Was sind die wesentlichen Herausforderungen, denen sich eure Kunden aktuell stellen müssen?
Die wesentliche generelle Herausforderung ist das Handling der erheblichen Unsicherheit im Zusammenhang mit Covid-19 über die gesamte Wertschöpfungskette hinweg. Speziell im Einzelhandel sind es die konkreten Auswirkungen des verlängerten Lockdowns. Je nach Geschäftsmodell und auch Status der digitalen Transformation sprechen wir durchaus von entscheidenden Wochen für unternehmerische Existenzen. Die Unsicherheiten über den weiteren Pandemieverlauf sowie den Erfolg der Impfkampagne sind zu groß, um einen verlässlichen Ausblick zu wagen, aber eine Verlängerung des Lockdowns über März hinaus hätte massive Folgen. Dazu gehören signifikant steigende Insolvenzen, längerfristige Strukturprobleme in den Innenstädten und Ausfälle für die Immobilienwirtschaft.
2021 wird ein ausgesprochen flexibles „Management auf Sicht“ notwendig, im Spannungsfeld von strikter Kostenkontrolle, Liquiditäts- und Working-Capital-Management.
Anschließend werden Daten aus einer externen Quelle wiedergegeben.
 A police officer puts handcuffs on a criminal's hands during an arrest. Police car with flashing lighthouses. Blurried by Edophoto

Auch die Konsumgüterindustrie, die Logistikbranche sowie die Immobilienwirtschaft sind gehalten, die Auswirkungen unterschiedlicher Szenarien in Geschäfts-, Investitions- und Liquiditätsplanungen zu berücksichtigen. Unternehmen müssen aber gleichzeitig entstehende Opportunitäten nutzen, insbesondere mit Blick auf Nachhaltigkeit, Digitalisierung sowie E-Commerce, und den notwendigen Umbau der Geschäftsmodelle im möglichen Rahmen vorantreiben. Das ist komplex, anstrengend und herausfordernd.
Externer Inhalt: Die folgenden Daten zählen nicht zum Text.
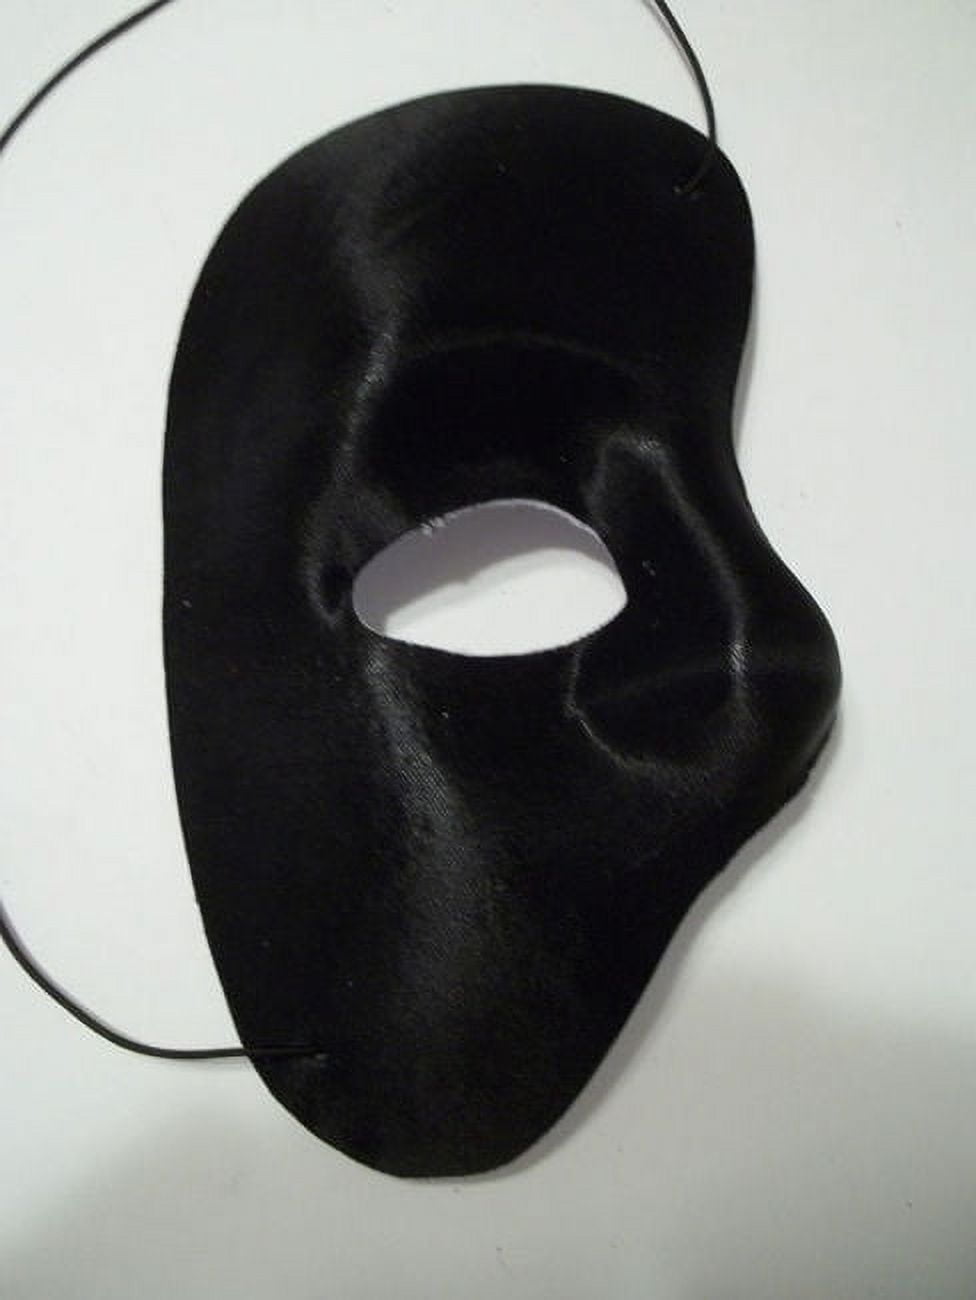 Dark Opera Masquerade Costume  Now Available at  –

In welchen Bereichen zeigt sich aktuell der größte Investitionsbedarf? Wie können Unternehmen hierbei unterstützt und begleitet werden?
Wir unterscheiden zwischen dem angesprochenen Liquiditäts- und kurzfristigen Finanzierungsbedarf, um die aktuelle Situation zu bewältigen, und Investitionen mit Blick auf die Ausrichtung 2021+.
Die Investitionsthemen und -anlässe sind naturgemäß je nach Branche weit gespreizt. Im produzierenden Bereich spielte die energetische Prozessoptimierung beispielsweise bereits vor Corona eine wichtige Rolle und wird dies mittelfristig auch weiter tun – Stichwort Klimaschutz.
Wenn ich an den Bereich Consumer & Retail denke, sind die dominierenden Themen Nachhaltigkeitsprojekte in jeglicher Form, insbesondere bei Verpackungen, Logistikinvestitionen, der Optimierung des Standortportfolios und natürlich der Digitalisierung. Hierbei können auf der Finanzierungsseite zinsgünstige Fördermittel- und Zuschussprogramme eingesetzt werden. Unternehmen sollten sich hierfür einen kompetenten Finanzierungspartner suchen, der sie federführend begleitet. Das gleiche gilt alternativ bei komplexen Strukturierungen sowie bei Transaktionen am Kapitalmarkt.
Wir freuen uns, Euch als neues Mitglied im ECC CLUB begrüßen zu dürfen. Worauf freut ihr euch am meisten in der Community?
Wir freuen uns ebenfalls sehr über die Mitgliedschaft im ECC CLUB und das herzliche Willkommen. Seit Jahren schätzen wir die Zusammenarbeit mit IFH KÖLN und ECC KÖLN und finden insbesondere die Idee des Austauschs mit der ECC CLUB Community spannend. Wir versprechen uns daher einen Know-how-Ausbau über das ECC-Netzwerk, aber auch über die Veranstaltungen sowie aktuelle Insights. Und wir hoffen natürlich, dass wir unsererseits hilfreichen Input an der einen oder anderen Stelle liefern können.